Adventure…in which thy intrepid explorer/ph.d. wannabe sets forth across the frozen tundra of campus to lay claim to her course reader…

…and verily did she use said reader as a bodily shield against the snow and the wind that sought to hinder her progress and discourage her from her mission.

Sorry about that, but I’ve been reading William Bradford’s “Of Plimmoth Plantation” for class and it gets to me after a while (especially when I’ve had waaaaaay too much coffee). Although, I do love chapter headings that advertise the contents to come.
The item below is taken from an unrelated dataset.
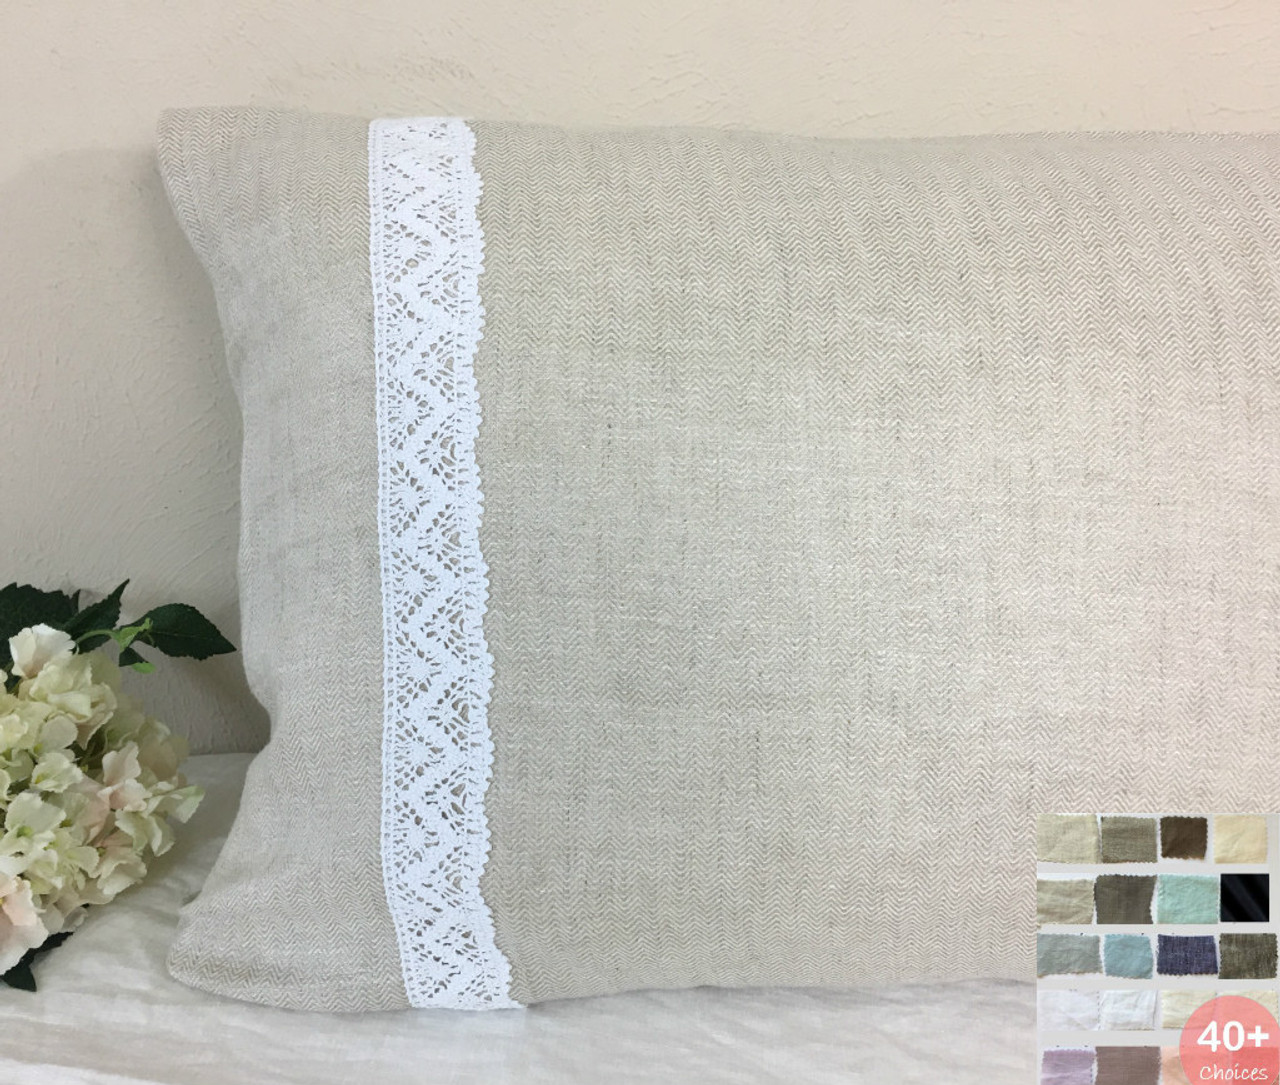 Linen Pillow Sham Cover With Crochet Lace White Grey Cream Pink Blue Stripe Chevron 40 Colors Custom Size 16x16 18x18 20x20 24x24 26x26 30x30 28x28

I find it rather nice of the authors to provide me with a summary of what I can expect–it’s nice to know what you’re getting into (or what you might want to avoid altogether).
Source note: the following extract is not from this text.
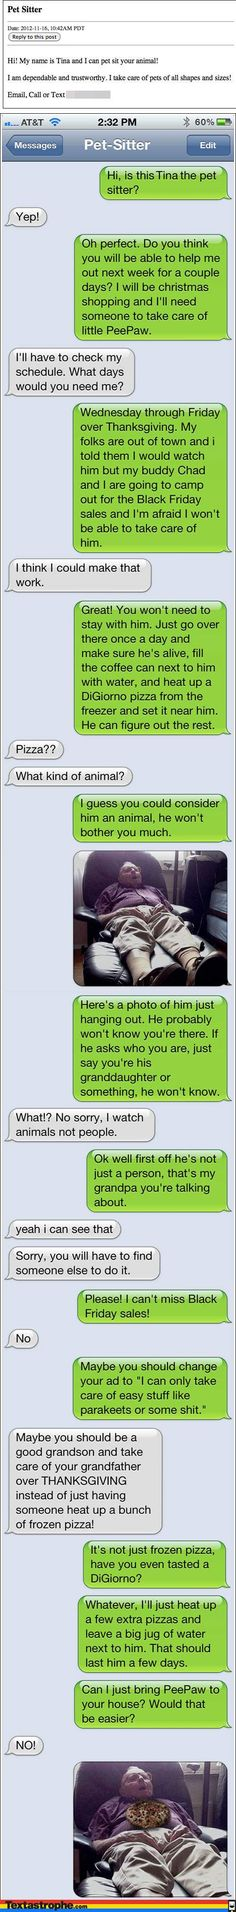 texting pranks textastrophe

I have also finalized and updated my list of 20 books to read for the NYT Notable Fiction of 2006 Challenge. And that’s it! no more! I have to draw the line somewhere….

I am still thinking about my non-fiction selections however. After looking over my initial selections and alternates, I decided that I wasn’t taking the “challenge” part of the challenge seriously enough. This is an opportunity for me to break out of the confines of my usual non-fiction reading and really try something new (although hopefully nothing too exciting that might convince me to change my field of study yet again…..). That said, here are some other non-fiction titles I’m considering. I’m leaning more to the sciences for a number of reasons: 1) for those who remember my misguided undergraduate years, I was both a geology and a Russian major for a period of time, and I like to dip back into science once in a while 2) as many of you know, I’m a rather competitive person (but in a nice, friendly way, I swear), and I would like to claim that I’ve read as many (or more) science related books than my husband, the scientist 3) it’s a nice counter-balance to all of the humanities reading I do.

So here are more titles under consideration:

  1. “The Elegant Universe” by Brian Greene
  2. “Warped Passages” by Lisa Randall
  3. “In Code: A Mathematical Journey” by Sarah Flannery
  4. “Death by Black Hole: And Other Cosmic Quandaries” by Neil de Grasse Tyson (isn’t that a great title?)

If anyone has other suggestions (in any field, not just science and history) let me know!